I remember a case where a customer was trying to reach a large national retail chain via an 800 number. The company had the same 800 number across the U.S., but would automatically route incoming calls to a local number. The company was managing thousands of local numbers. If the employee responsible for managing the phone tree incorrectly keyed in a local number, a missed connection would result. And that's exactly what happened, often. In fact, customers who called in from one city were routed to a competing retail chain!
Another reason you need to run regular tests is to ensure what you think you have in place, is in place. I'll give you an example. Let's say you do your homework and add several new phone lines to your contact center to handle the increase in call volume for promotion time. Let's say you request additional lines from your telecom provider to take your total lines to 20,000. Then the season kicks into high gear, calls start coming in and you notice your contact center is maxing out at 15,000 calls. What's going on?

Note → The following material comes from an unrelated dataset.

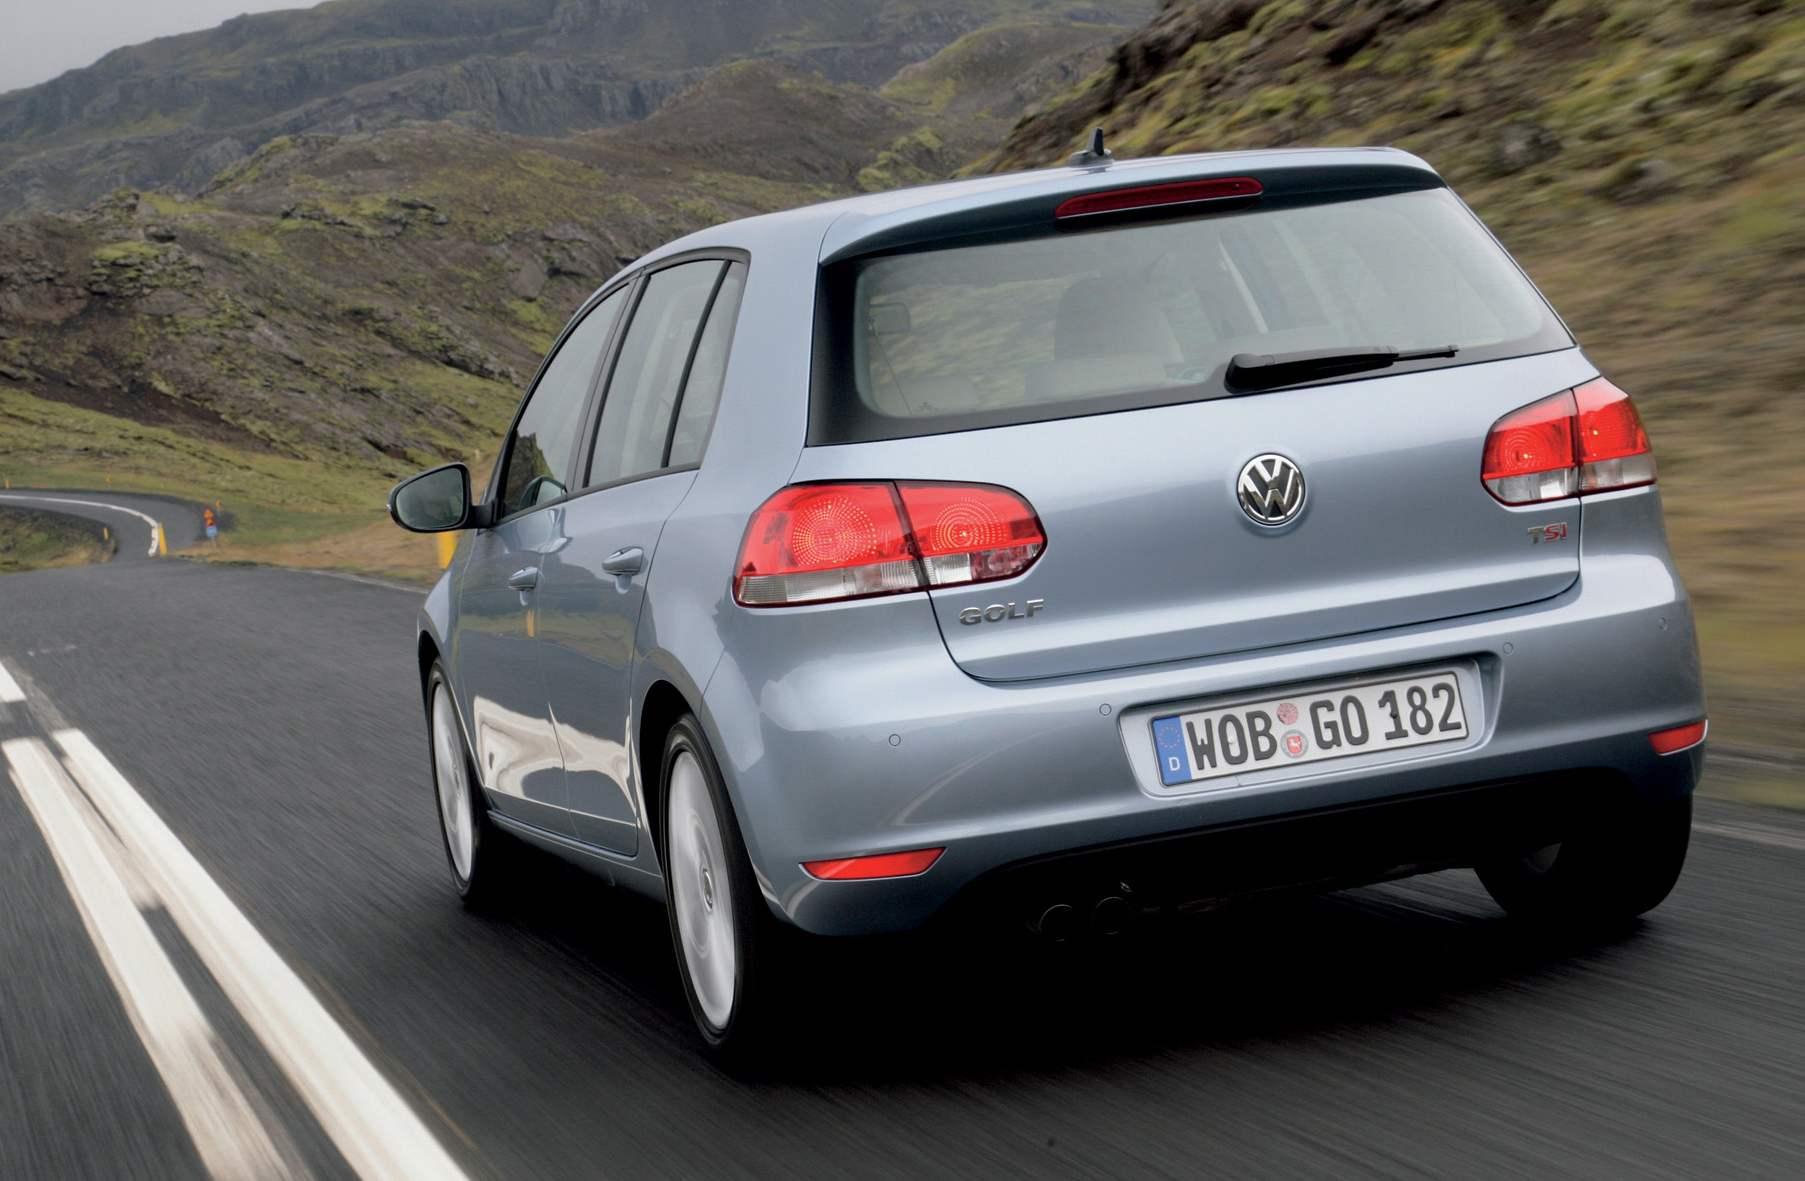 vw golf switzerland 2009 Vanhempi unohti lapsen päiväksi autoon   Löytyi kuolleena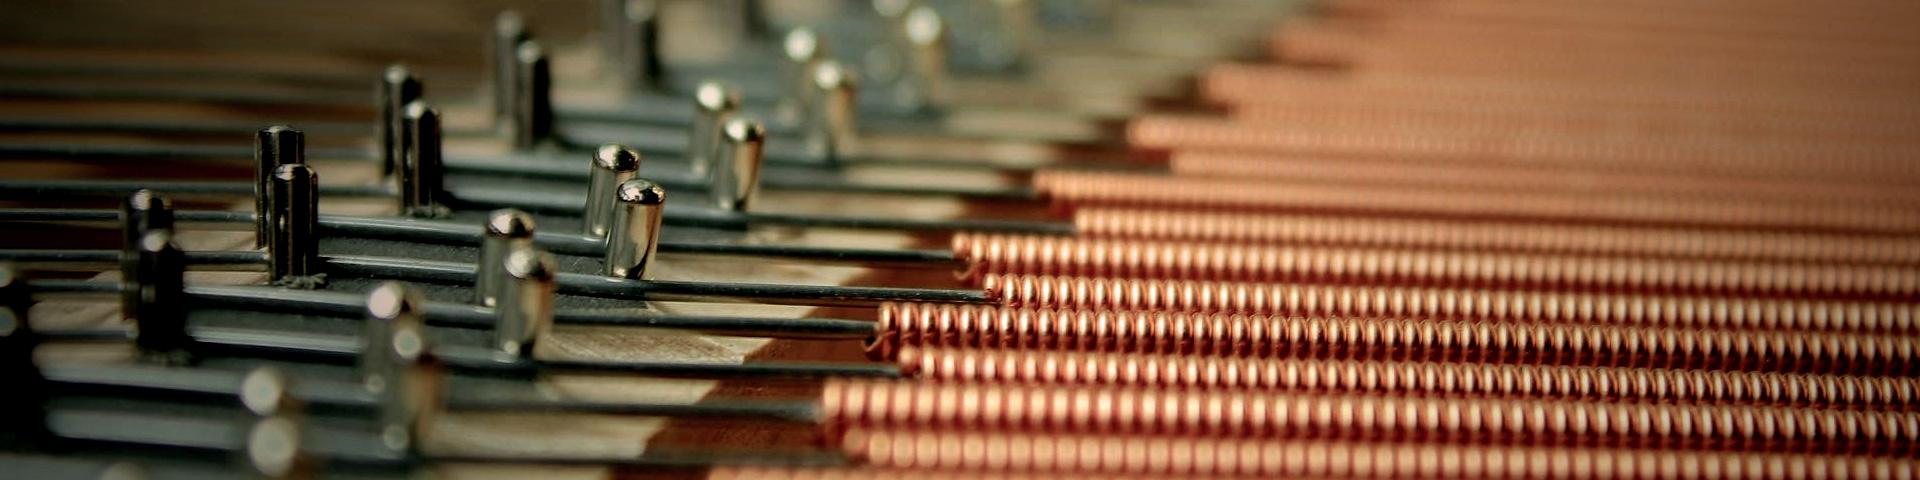 三和弦钢琴调律维修工作室

You might reasonably think: OK, that's all the calls we're getting. But what may be happening is your telecom provider has under-provisioned your lines. Instead of 20,000 lines, your provider has given you only 15,000. Those other 5,000 callers are getting a busy signal. Many telco providers have limited capacity so they manage their phone lines via an arbitrage system. The only way to know for sure if you've been shorted by your telco is to perform contact center stress tests and IVR load tests that will tell you where the problem lies.